Bolika ngana tomua ta na buhe ue na, nemo rabolika ngana tomua to na bai ue na… (Wariskanlah kepada anak cucumu sumur yang penuh air, jangan kau wariskan sumur yang kering). Pepatah to Kulawi.

Suatu pagi pada pertengahan 2007, Martoni, warga Desa Marena, Kecamatan Kulawi, Kabupaten Sigi, Sulawesi Tengah, bersiap menuju hutan.

Kaka iparnya, Ferdy Lumba, meminta Martoni lakukan tradisi perladangan warga Kulawi di Marena, sebelum membuka lahan padi ladang: penyiangan, pengeringan dan pembakaran.

Menjelang siang, saat asyik mencincang ranting untuk pembakaran, tiba-tiba dia kedatangan patroli polisi hutan, utusan Balai Besar Taman Nasional Lore Lindu (BBTNLL).

“Siapa yang suruh kamu buka lahan di sini?” tanya kepala patroli.

“Ini lahan saya punya kaka ipar,” jawab Martoni.

“Siapa kakak iparmu?” kata petugas berseragam polhut lagi.

“Pendeta Ferdy,” jawab Martoni.

Perdebatan terjadi. Petugas patroli minta Martoni hentikan kegiatan dan mulai menginterogasi sambil menekankan lahan yang dibuka untuk tanam padi ladang ini bagian TNLL.

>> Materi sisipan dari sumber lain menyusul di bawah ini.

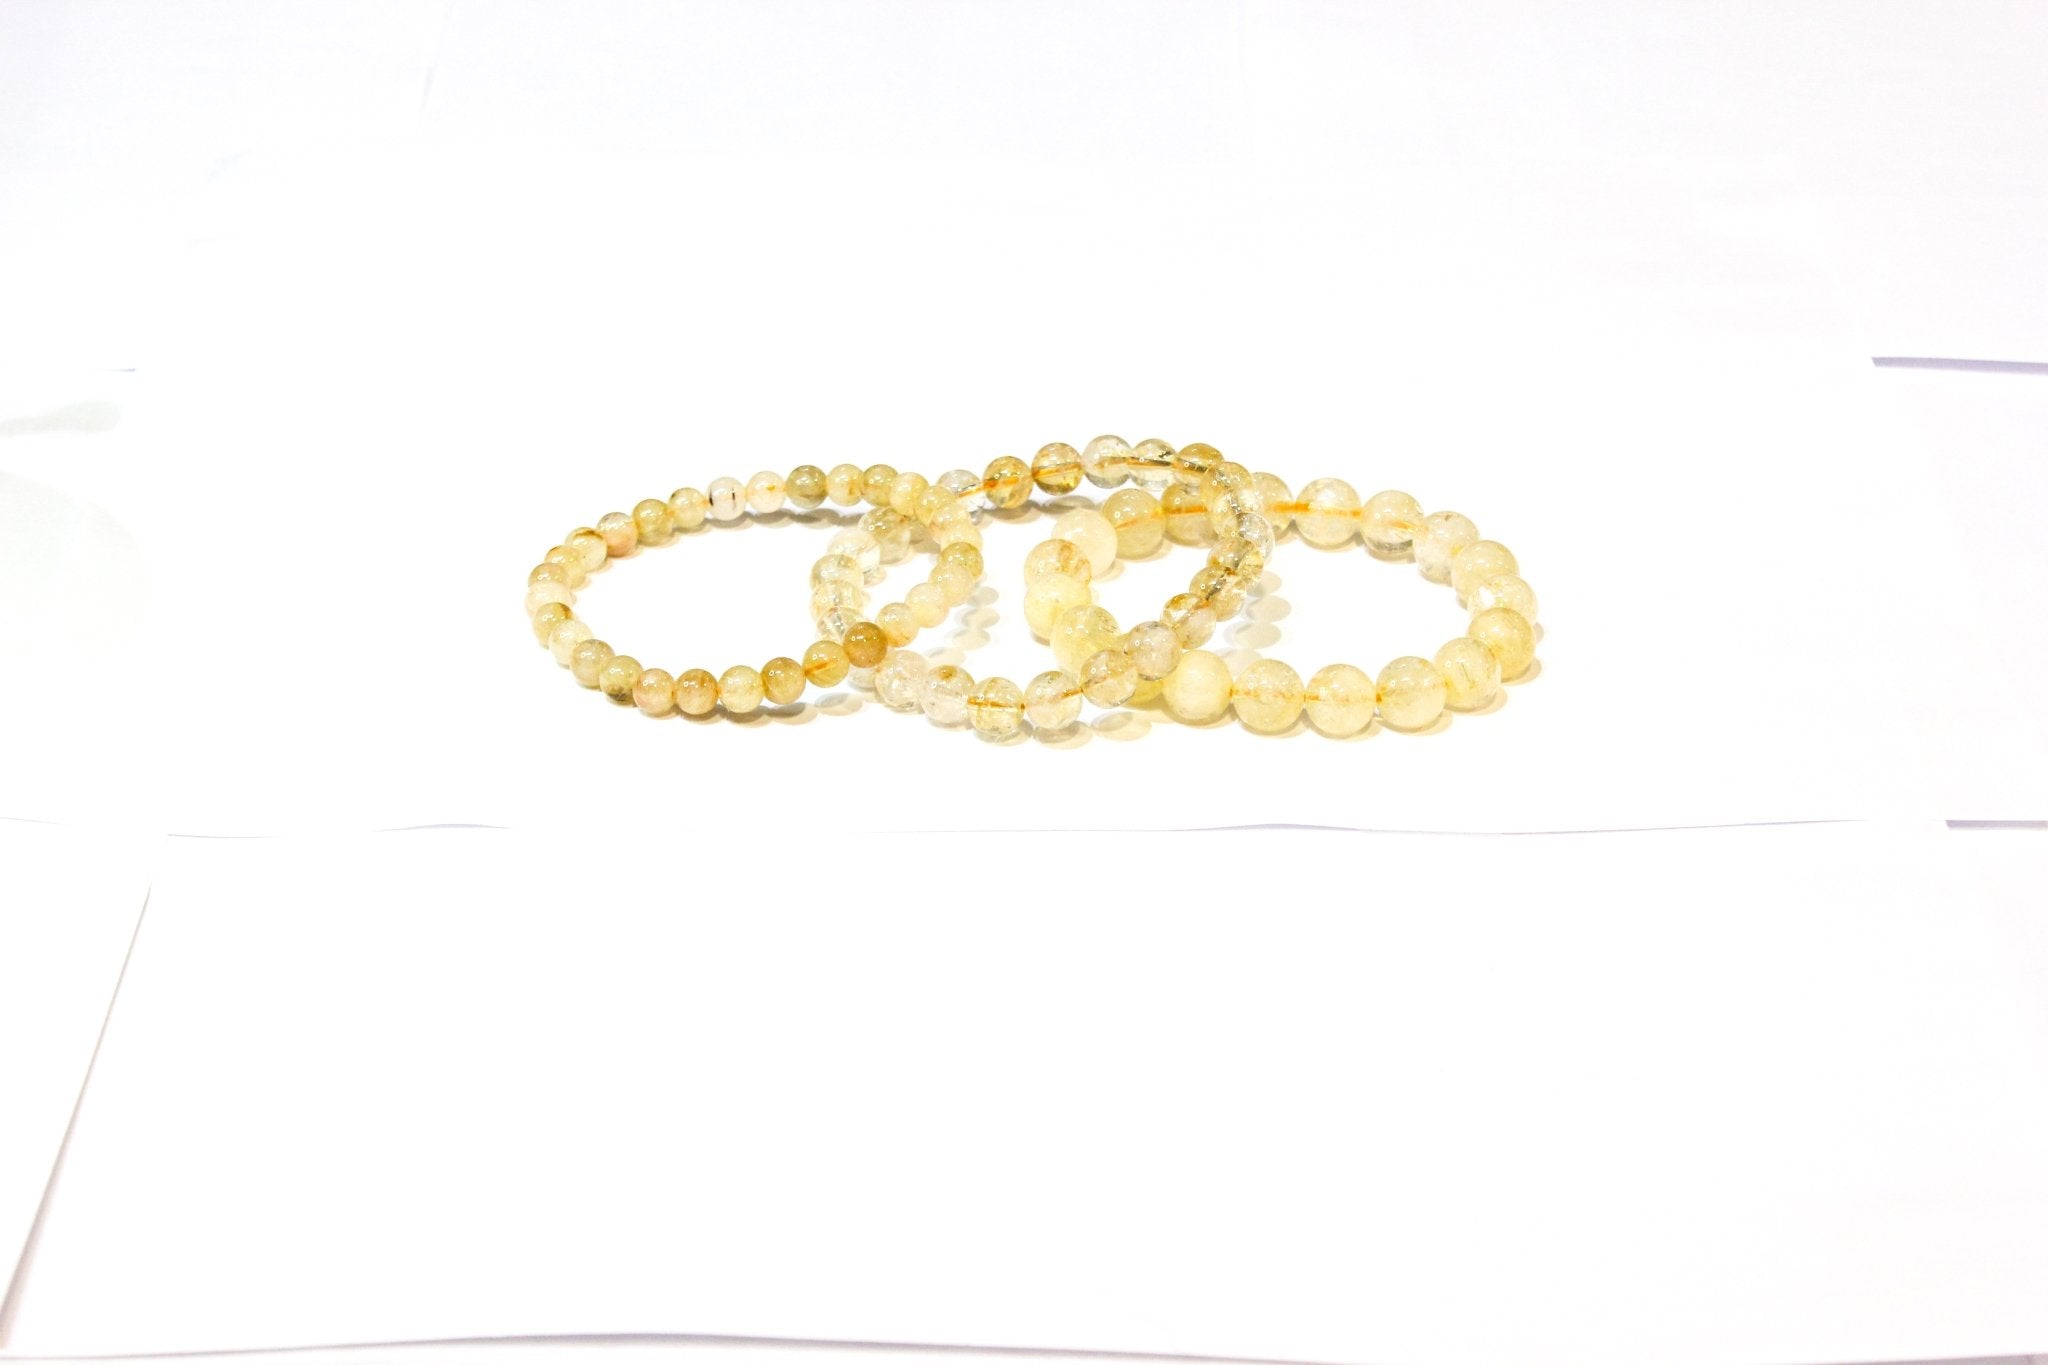 Citrine Stackable Bracelet - Sacred Crystals Bracelets

“Berkembanglah ini dia punya pemahaman bahwa saya menantang aturan. Seorang pendeta kok mau buka lahan yang dilarang, itu taman nasional. Ipar saya diinterogasi, ditakuti, diancam sampai mereka mengeluarkan letusan dan memang berbunyi kita dengar di sini di kampung,” kata Ferdy Lumba kepada saya awal Maret lalu.

Letusan itu sontak membuat kaget warga Marena yang tak jauh dari lokasi. Ferdy mengingat jelas letusan itu. “Saya saksi hidup kejadian itu,” katanya.

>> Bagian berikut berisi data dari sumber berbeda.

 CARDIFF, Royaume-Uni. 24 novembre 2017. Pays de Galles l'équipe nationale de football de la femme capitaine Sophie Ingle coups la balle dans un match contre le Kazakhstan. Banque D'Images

Ferdy masih jelas mengingat Martoni menghampirinya menjelang siang setelah kejadian. Mendapat cerita Martoni,  Ferdy mengumpulkan sejawatnya di lembaga adat.

Tak hanya ketua dan anggota lembaga adat, Ferdy minta beberapa lembaga swadaya masyarakat, Awam Green dan LBH Bantaya, mendampingi mereka.

Kesimpulan mereka, ancaman tak bisa dibiarkan. Mereka lantas memutuskan perlu peradilan adat untuk mengklarifikasi bahwa pembukaan lahan bukan di taman nasional, namun kawasan hutan adat masyarakat Marena.

Kemudian, dibuatlah dua peradilan adat. Pertama, semacam praperadilan, lembaga adat minta polhut dan Martoni hadir. Intinya, mempertanyakan alasan polhut mengeluarkan tembakan di hutan.

“Kami ada temuan. Temuan kami, seorang yang sedang membuka lahan, mencincang kayu di wilayah taman nasional jadi kami proses. Kami periksa. Dia mengaku hanya disuruh, yang menyuruh dia ternyata iparnya sendiri yang adalah pendeta. Jadi kami turun ke lapangan untuk melihat,” kata Ferdy menirukan ucapan polhut, yang tak membantah mengeluarkan tembakan.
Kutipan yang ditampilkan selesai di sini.